**WHAT IS EXPECTED**
Give again, character for character, the lines that lie between the first line of the material and the line with "Esbit Trockenbrennstoff-Tabletten 12x14g", inclusive. Omit pictures.

**THE DATA**
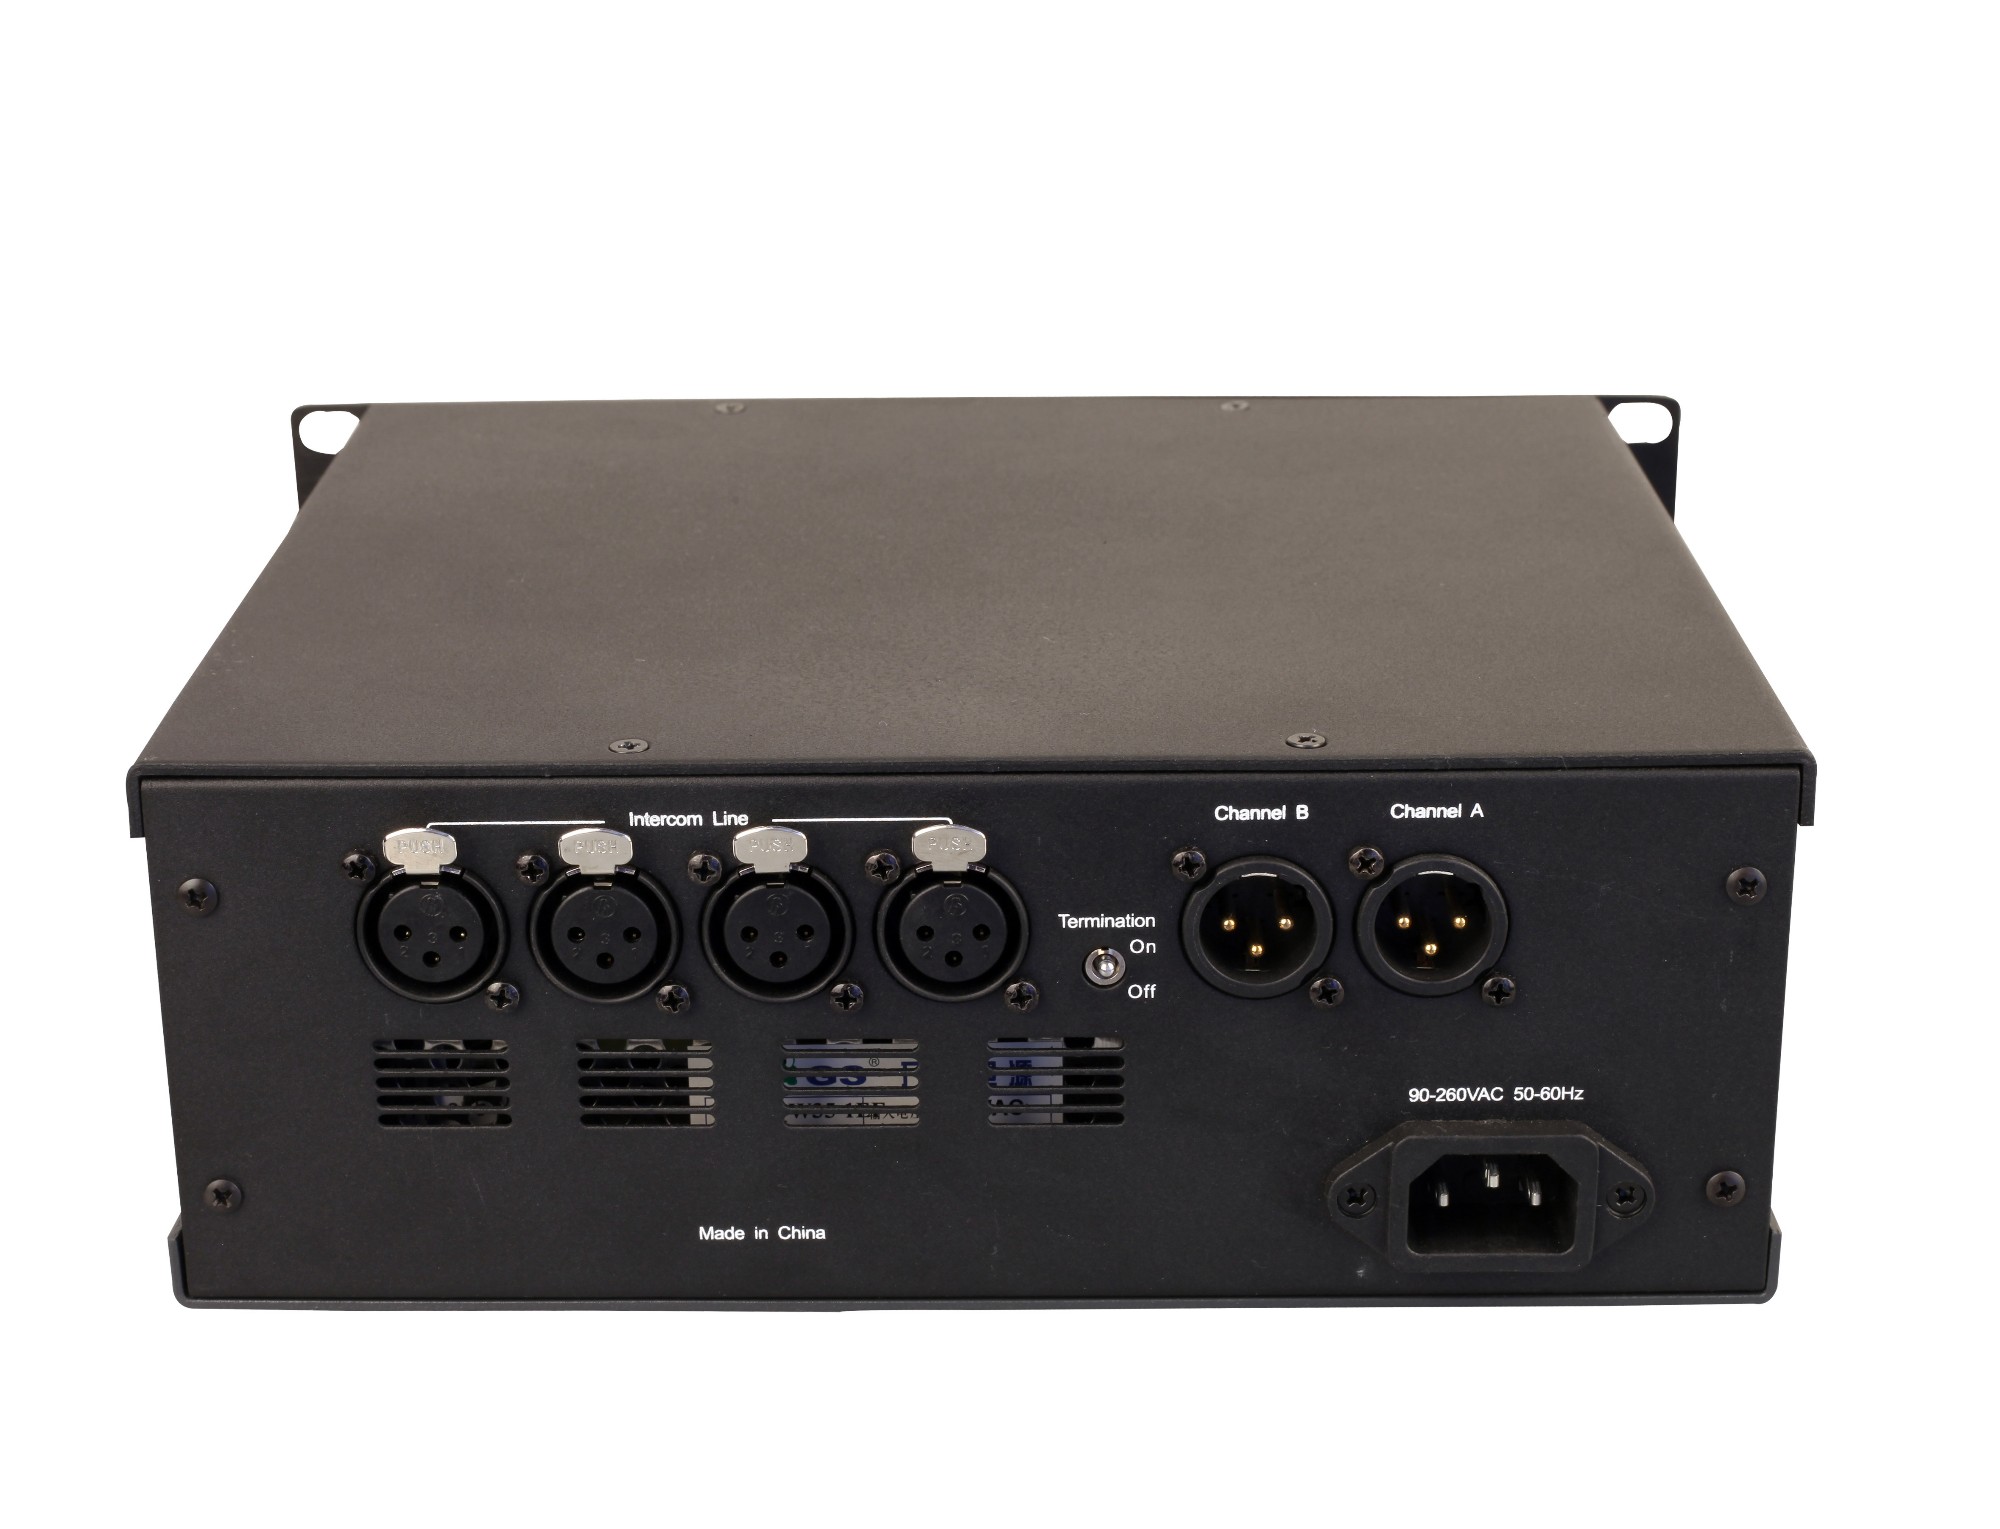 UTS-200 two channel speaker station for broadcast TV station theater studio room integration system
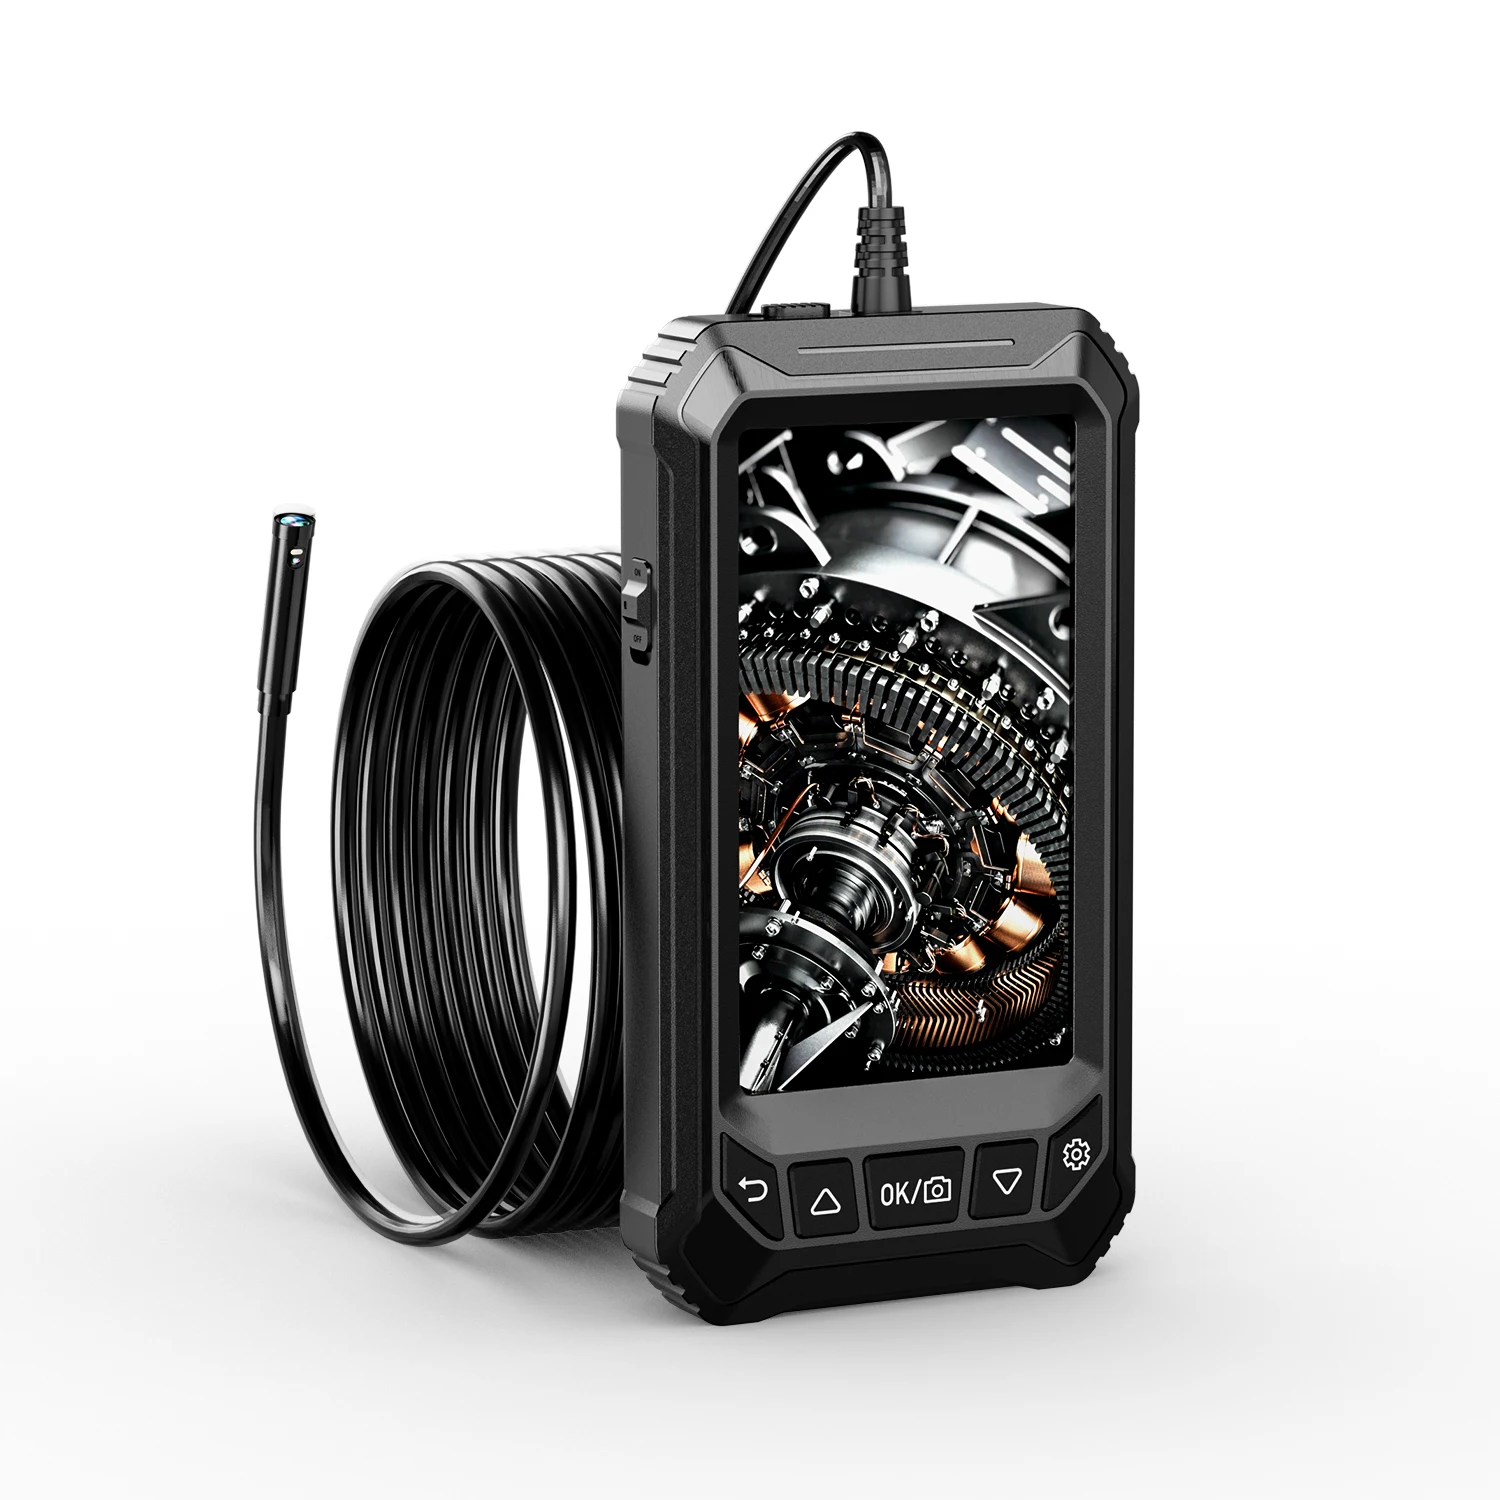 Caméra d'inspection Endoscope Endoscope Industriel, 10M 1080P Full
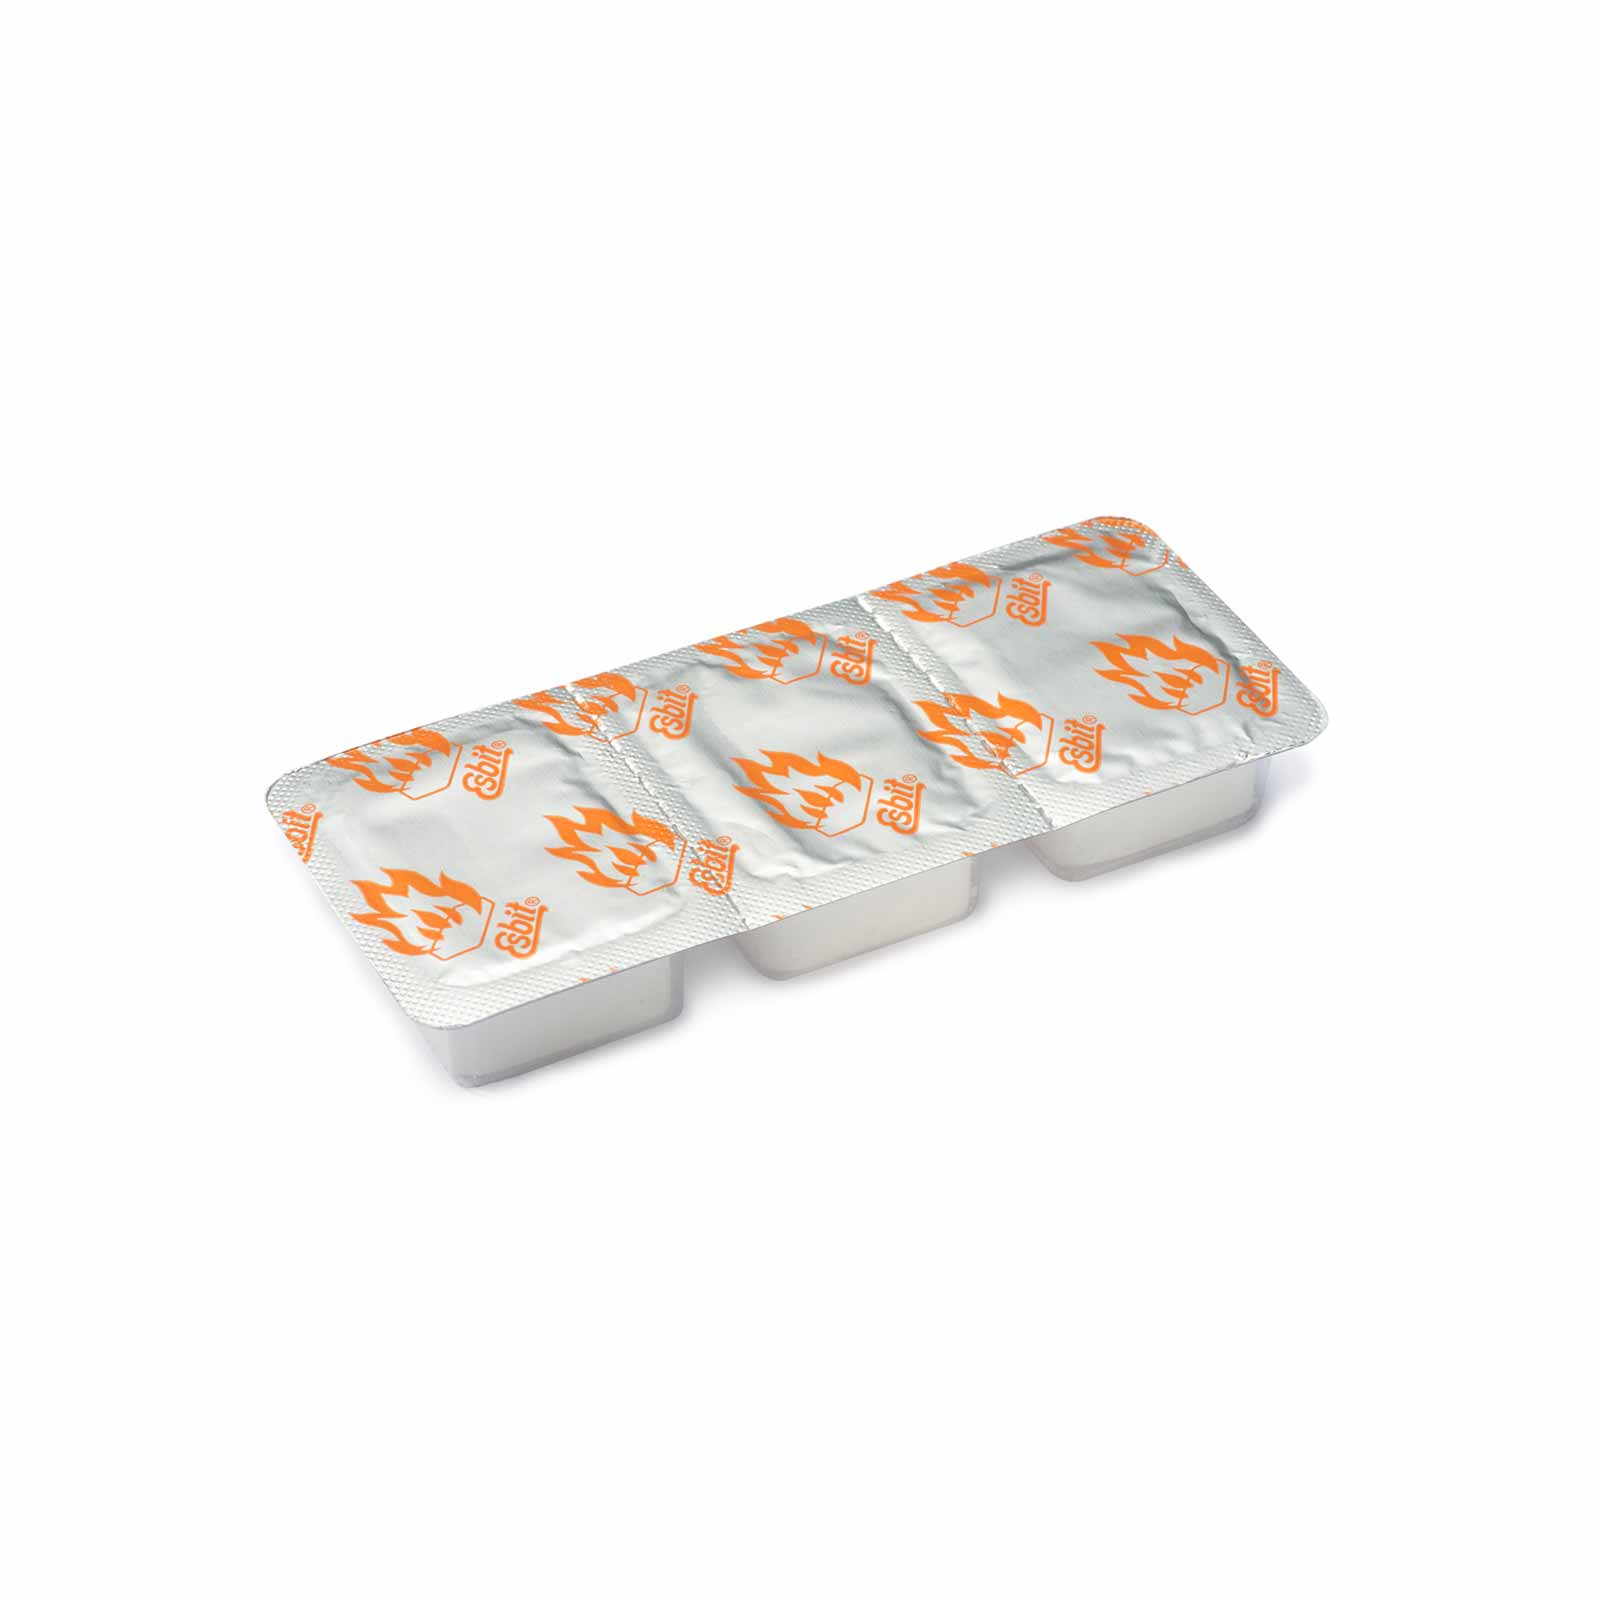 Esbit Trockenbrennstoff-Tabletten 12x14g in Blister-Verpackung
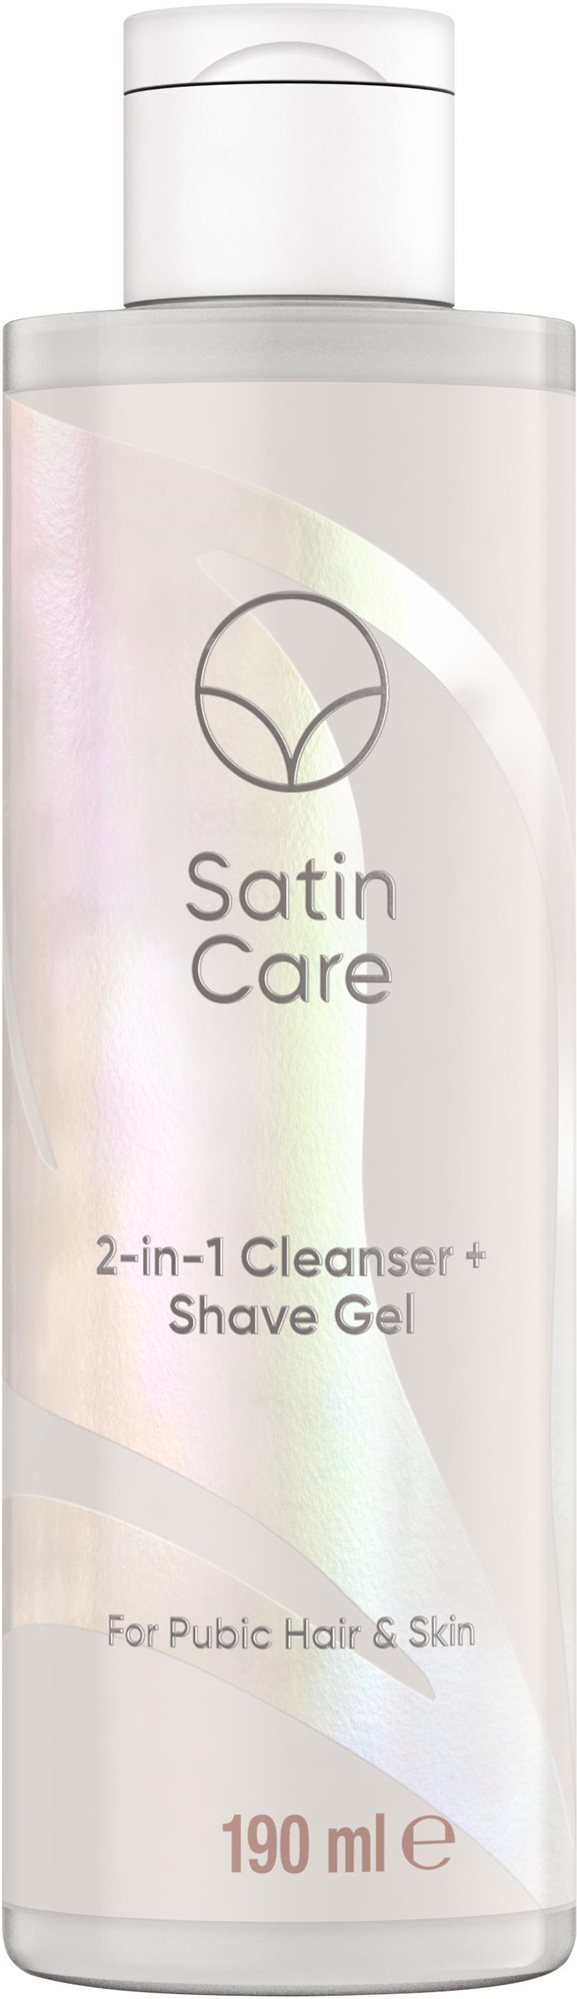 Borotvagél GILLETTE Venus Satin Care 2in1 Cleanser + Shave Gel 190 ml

**ANSWER TO THIS EXERCISE**
 UTS-200 two channel speaker station for broadcast TV station theater studio room integration system
 Caméra d'inspection Endoscope Endoscope Industriel, 10M 1080P Full
 Esbit Trockenbrennstoff-Tabletten 12x14g in Blister-Verpackung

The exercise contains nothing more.